#### Information given:
───
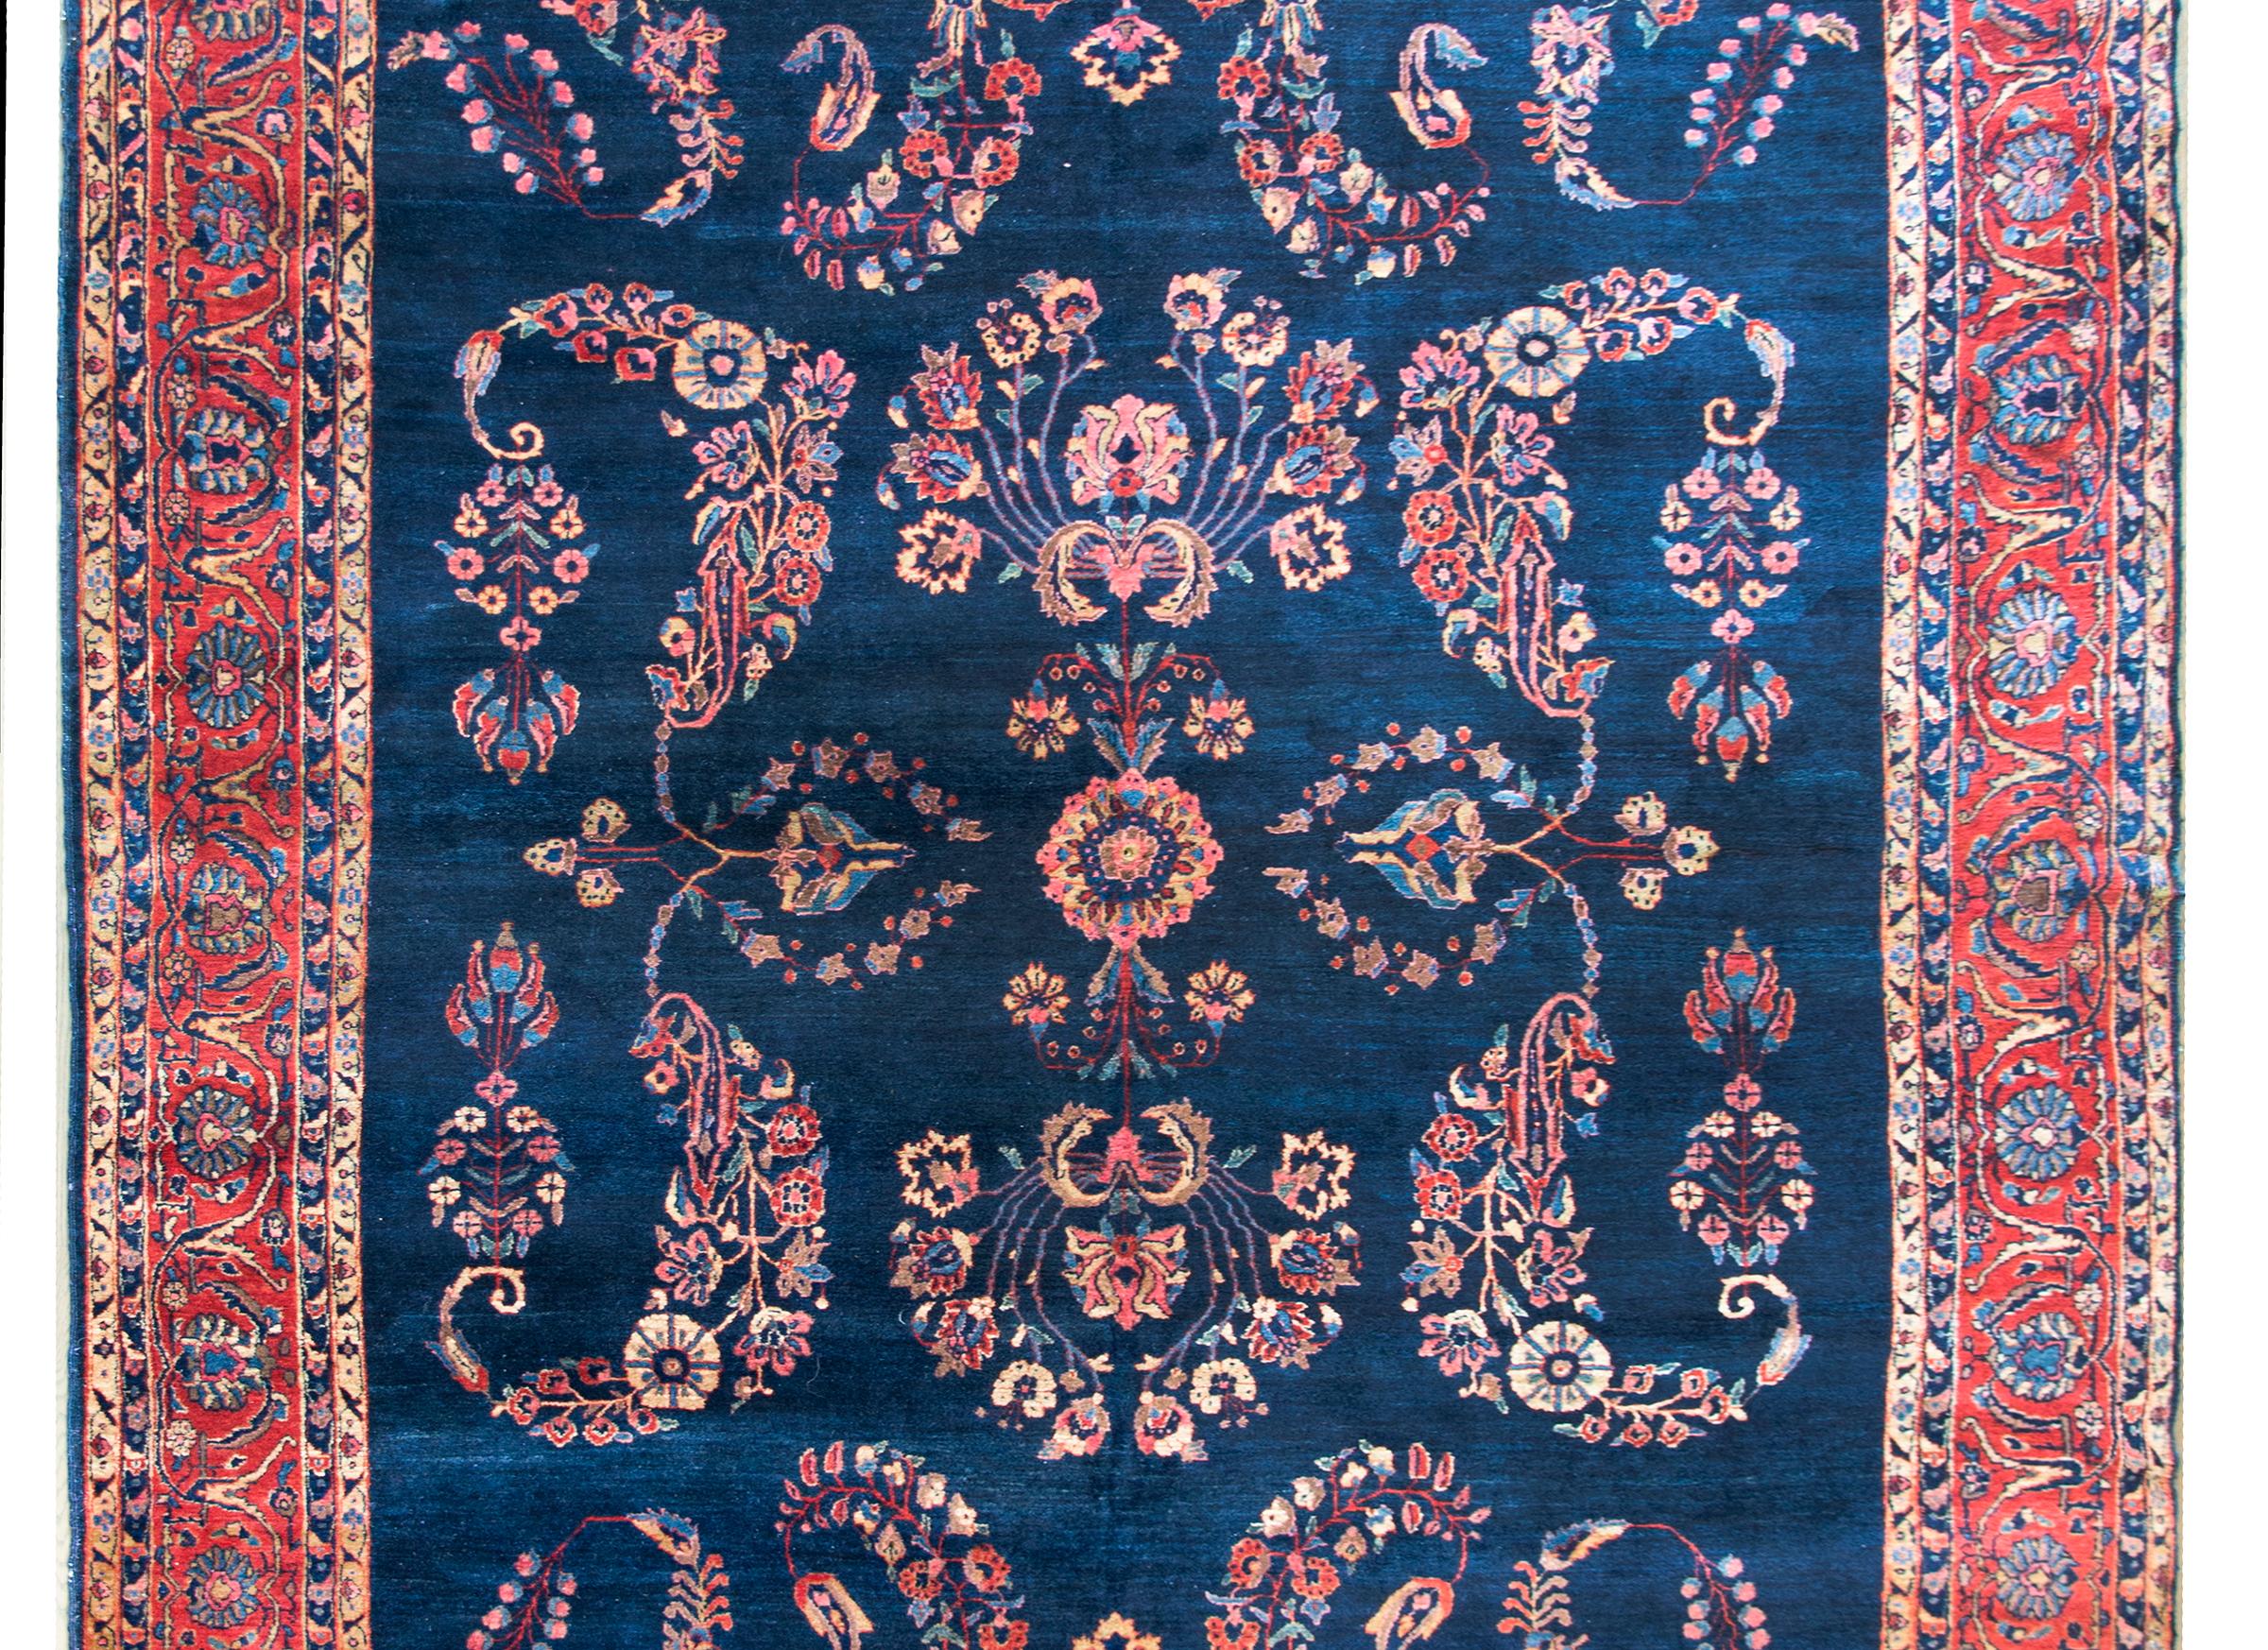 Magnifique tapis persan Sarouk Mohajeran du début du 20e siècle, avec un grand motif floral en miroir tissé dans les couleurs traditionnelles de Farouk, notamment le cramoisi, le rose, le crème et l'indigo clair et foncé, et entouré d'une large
───
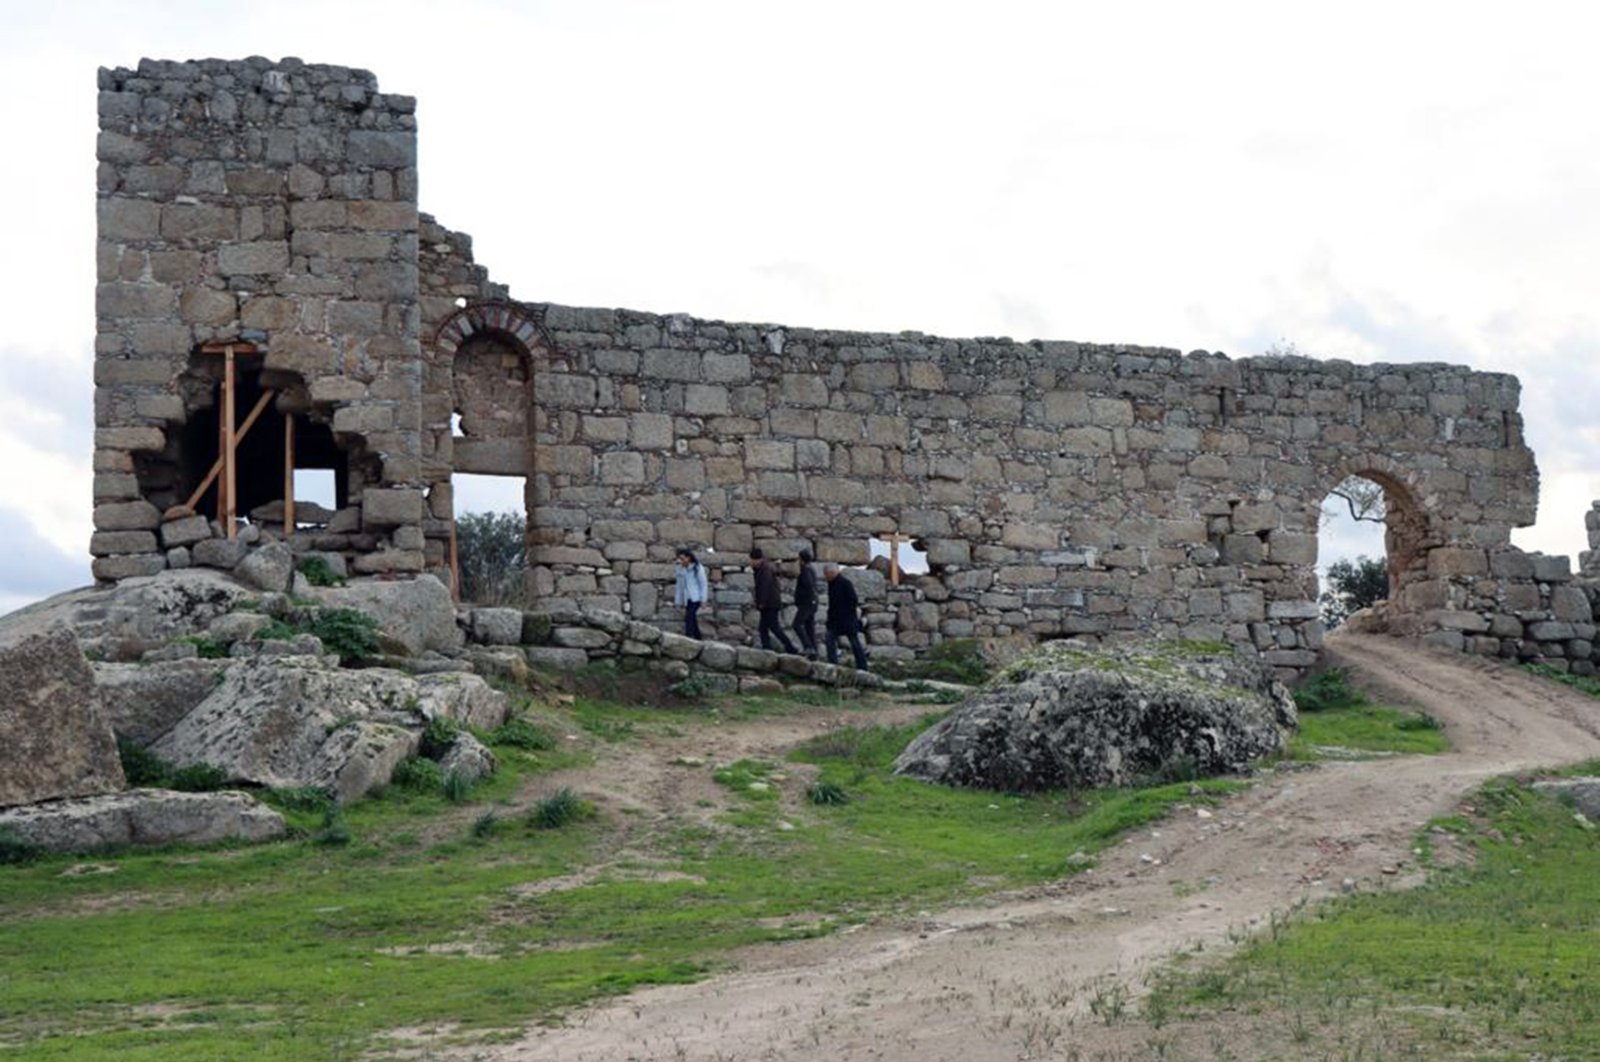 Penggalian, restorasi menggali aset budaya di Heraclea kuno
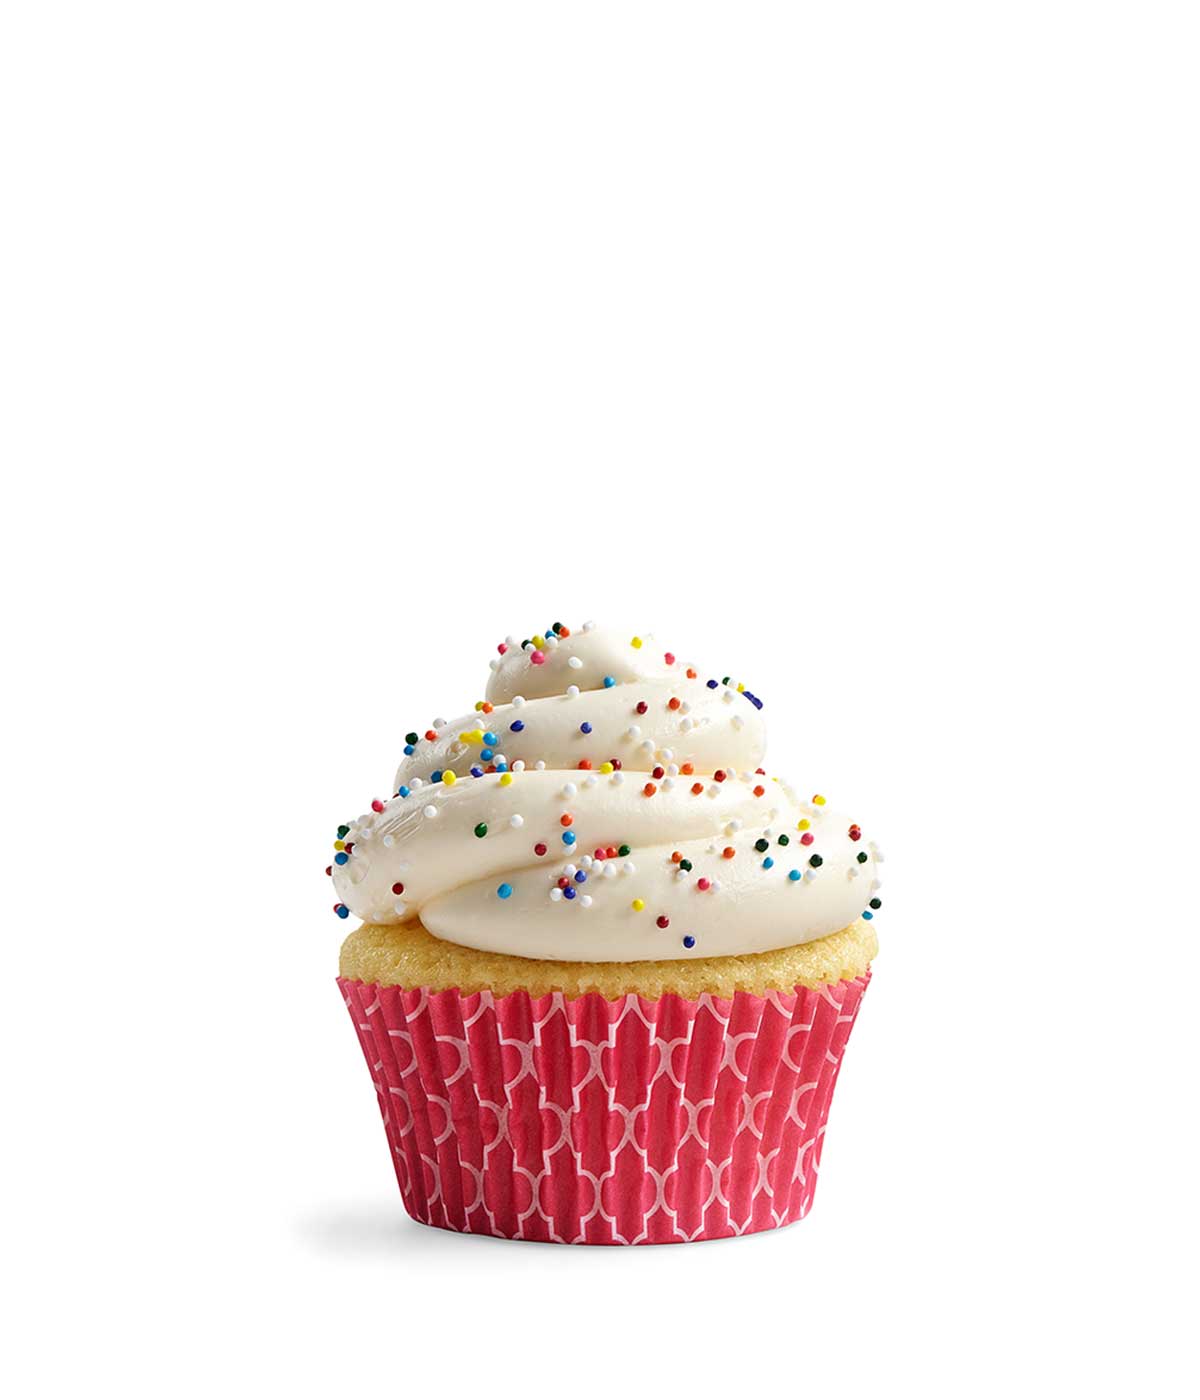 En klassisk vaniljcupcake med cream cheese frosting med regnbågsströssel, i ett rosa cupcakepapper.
───
Return exactly the lines of the material above, starting at the line containing "Penggalian, restorasi menggali" and finishing at the line containing "En klassisk vaniljcupcake", without any pictures.

 Penggalian, restorasi menggali aset budaya di Heraclea kuno
 En klassisk vaniljcupcake med cream cheese frosting med regnbågsströssel, i ett rosa cupcakepapper.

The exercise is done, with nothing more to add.